As AI companies line up to demo their latest capabilities at developer conferences this week, a claim made by Microsoft AI CEO Mustafa Suleiman in February is getting renewed attention - and fresh scrutiny.

"We're going to have a human-level performance on most, if not all, professional tasks within the next 12 to 18 months. Most tasks that involve sitting down at a computer - whether you're a lawyer or an accountant or a project manager or a marketing person - most of those tasks will be fully automated by AI within the next year or 18 months."
Mustafa Suleiman, Microsoft AI CEO, Financial Times interview, February 2026

TL;DR


What Suleiman said	AI reaches human-level on most white-collar tasks in 12-18 months from February 2026
What we found	Experienced developers work 19% slower with AI; legal AI tools error at 17-34%; benchmark scores don't transfer to real work
The context	Suleiman runs Copilot, which holds roughly 1.2% of the AI chatbot market and needs enterprise deals to grow

The Claim

Suleiman made his prediction in a Financial Times interview, citing two main pieces of evidence: the exponential growth in training compute over the past 15 years, and the observation that "many software engineers report that they are now using AI-assisted coding for the vast majority of their code production." He framed the shift as already underway, not hypothetical.

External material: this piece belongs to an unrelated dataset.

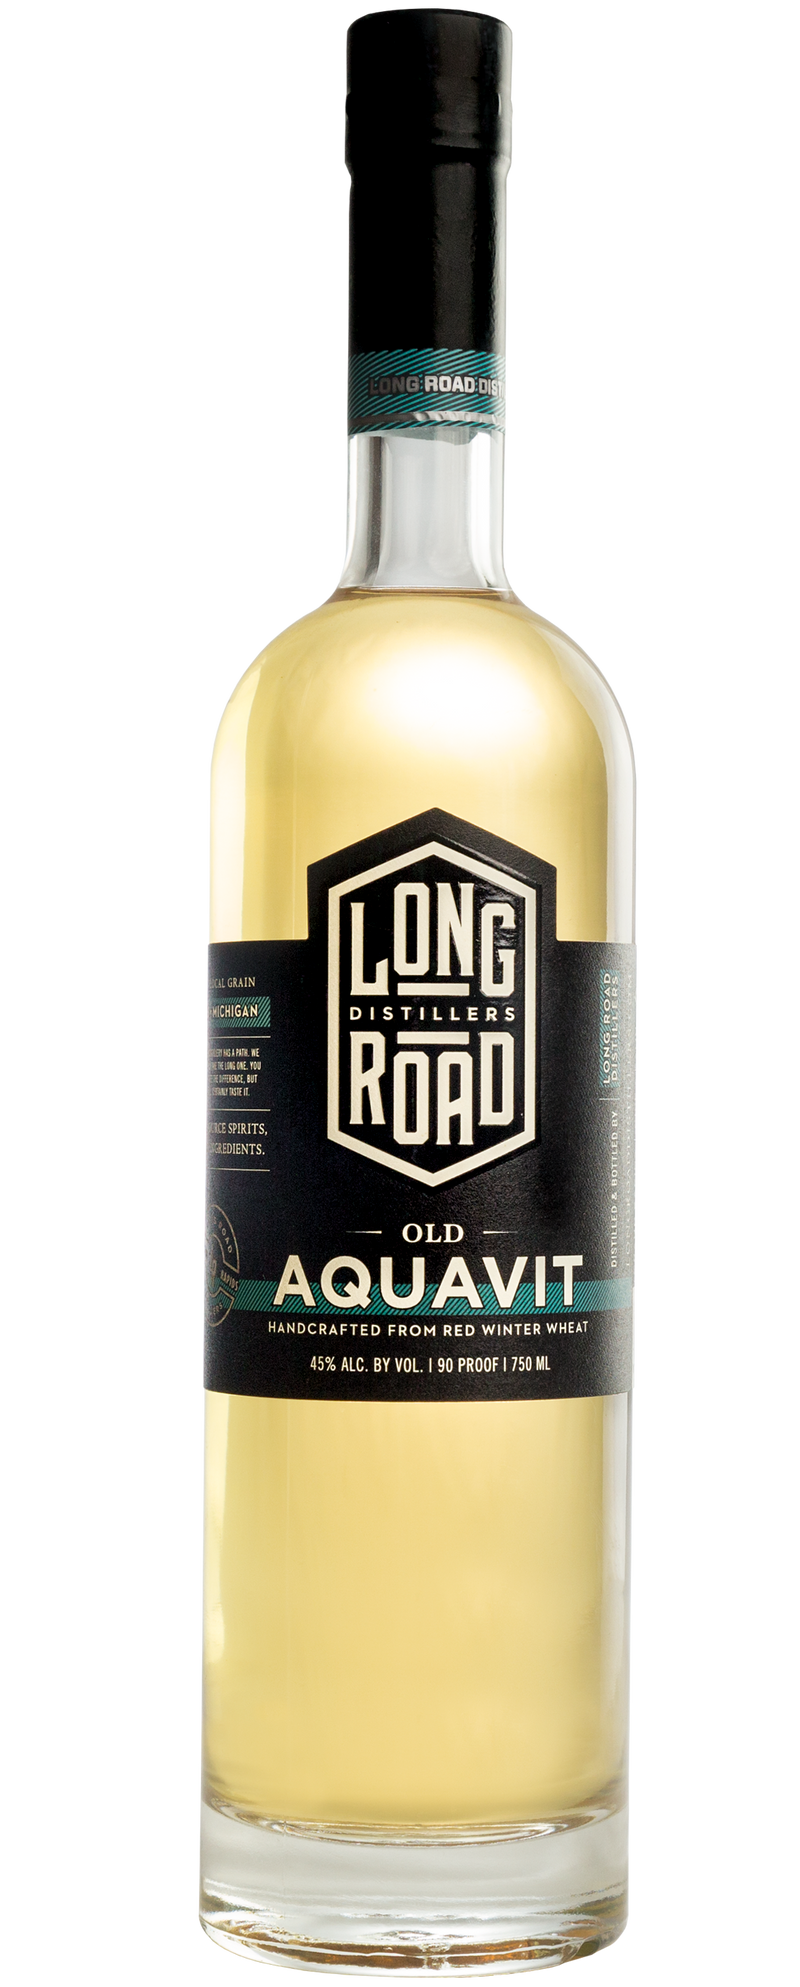 LONG ROAD OLD AQUAVIT Cordials & Liqueurs – American BeverageWarehouse

The timeline matters. Twelve to eighteen months from February 2026 puts the automation threshold between February and August 2027. That is a specific claim with a testable deadline.

Suleiman co-founded DeepMind, which solved the protein-folding problem in 2020, so his track record on AI capability calls is not trivial. He joined Microsoft in March 2024 to lead Copilot and AI products. The question is whether this particular claim reflects what the data actually shows about AI performance on professional tasks.

Mustafa Suleiman, Microsoft AI CEO, at a speaking event Mustafa Suleiman joined Microsoft in March 2024 to lead Copilot and AI products. Source: commons.wikimedia.org

The Evidence

Software Engineering: The Primary Pillar Falls

Suleiman's most concrete evidence was software engineering. He argued that current models "can code better than the vast majority of human coders." But a study by METR (Model Evaluation and Threat Research) published in July 2025 - seven months before Suleiman's February claim - directly tested that assumption.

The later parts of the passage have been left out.